■ Required action: Work out how many lines in the records below include the string "Photo", and reply with that number alone.
============================================================
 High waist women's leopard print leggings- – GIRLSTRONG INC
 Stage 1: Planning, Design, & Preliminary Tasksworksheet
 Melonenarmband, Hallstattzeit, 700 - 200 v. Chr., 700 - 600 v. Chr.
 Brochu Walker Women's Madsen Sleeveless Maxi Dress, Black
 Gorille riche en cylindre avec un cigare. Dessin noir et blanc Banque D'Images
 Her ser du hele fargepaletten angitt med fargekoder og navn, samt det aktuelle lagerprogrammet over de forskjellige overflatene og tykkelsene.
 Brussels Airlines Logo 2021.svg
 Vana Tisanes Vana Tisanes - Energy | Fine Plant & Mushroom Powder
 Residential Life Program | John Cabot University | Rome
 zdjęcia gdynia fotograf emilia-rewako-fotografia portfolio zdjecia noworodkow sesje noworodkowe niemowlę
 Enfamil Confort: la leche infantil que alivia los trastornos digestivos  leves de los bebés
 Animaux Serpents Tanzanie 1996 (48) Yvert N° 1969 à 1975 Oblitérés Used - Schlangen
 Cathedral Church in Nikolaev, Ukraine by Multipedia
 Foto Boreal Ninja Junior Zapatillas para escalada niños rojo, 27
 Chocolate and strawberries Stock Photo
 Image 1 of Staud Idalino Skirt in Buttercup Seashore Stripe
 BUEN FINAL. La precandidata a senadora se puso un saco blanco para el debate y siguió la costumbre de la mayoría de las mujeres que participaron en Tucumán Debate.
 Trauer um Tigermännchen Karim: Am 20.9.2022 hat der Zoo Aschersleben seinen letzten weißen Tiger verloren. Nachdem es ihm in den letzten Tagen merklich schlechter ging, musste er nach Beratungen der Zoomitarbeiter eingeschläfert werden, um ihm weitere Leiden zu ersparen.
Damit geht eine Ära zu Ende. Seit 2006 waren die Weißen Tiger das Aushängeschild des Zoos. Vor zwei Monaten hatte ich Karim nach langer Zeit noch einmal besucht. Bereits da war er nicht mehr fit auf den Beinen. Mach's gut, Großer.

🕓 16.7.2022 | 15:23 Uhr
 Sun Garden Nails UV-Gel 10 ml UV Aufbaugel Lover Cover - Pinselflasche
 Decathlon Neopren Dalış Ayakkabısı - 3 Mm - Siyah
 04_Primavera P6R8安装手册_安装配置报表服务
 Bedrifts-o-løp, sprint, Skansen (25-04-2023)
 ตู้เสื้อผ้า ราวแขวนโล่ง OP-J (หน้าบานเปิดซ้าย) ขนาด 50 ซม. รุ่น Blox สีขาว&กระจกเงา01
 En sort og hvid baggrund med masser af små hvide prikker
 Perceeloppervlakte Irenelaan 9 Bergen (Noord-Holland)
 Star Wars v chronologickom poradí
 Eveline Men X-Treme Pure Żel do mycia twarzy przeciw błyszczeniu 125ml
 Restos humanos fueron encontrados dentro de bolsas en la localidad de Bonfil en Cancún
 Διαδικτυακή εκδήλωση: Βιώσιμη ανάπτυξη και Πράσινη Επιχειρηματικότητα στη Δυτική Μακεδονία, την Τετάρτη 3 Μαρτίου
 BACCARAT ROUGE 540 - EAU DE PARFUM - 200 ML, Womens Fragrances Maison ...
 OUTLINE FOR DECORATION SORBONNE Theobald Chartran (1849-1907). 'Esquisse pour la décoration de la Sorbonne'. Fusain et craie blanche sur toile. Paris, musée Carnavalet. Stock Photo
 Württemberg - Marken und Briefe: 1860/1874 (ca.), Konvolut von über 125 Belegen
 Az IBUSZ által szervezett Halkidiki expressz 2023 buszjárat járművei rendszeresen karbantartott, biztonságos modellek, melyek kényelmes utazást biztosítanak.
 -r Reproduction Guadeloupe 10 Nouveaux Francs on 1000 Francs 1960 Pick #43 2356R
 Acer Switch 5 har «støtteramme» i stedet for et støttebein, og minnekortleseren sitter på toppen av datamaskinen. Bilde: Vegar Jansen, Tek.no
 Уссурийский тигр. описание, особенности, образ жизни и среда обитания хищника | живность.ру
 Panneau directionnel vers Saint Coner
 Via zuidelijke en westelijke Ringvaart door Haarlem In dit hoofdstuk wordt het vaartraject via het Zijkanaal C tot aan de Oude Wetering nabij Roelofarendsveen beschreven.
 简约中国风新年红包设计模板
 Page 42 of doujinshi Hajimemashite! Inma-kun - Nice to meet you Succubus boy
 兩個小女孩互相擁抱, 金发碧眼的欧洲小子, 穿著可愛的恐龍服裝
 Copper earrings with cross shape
============================================================
■ Solution for this exercise: 2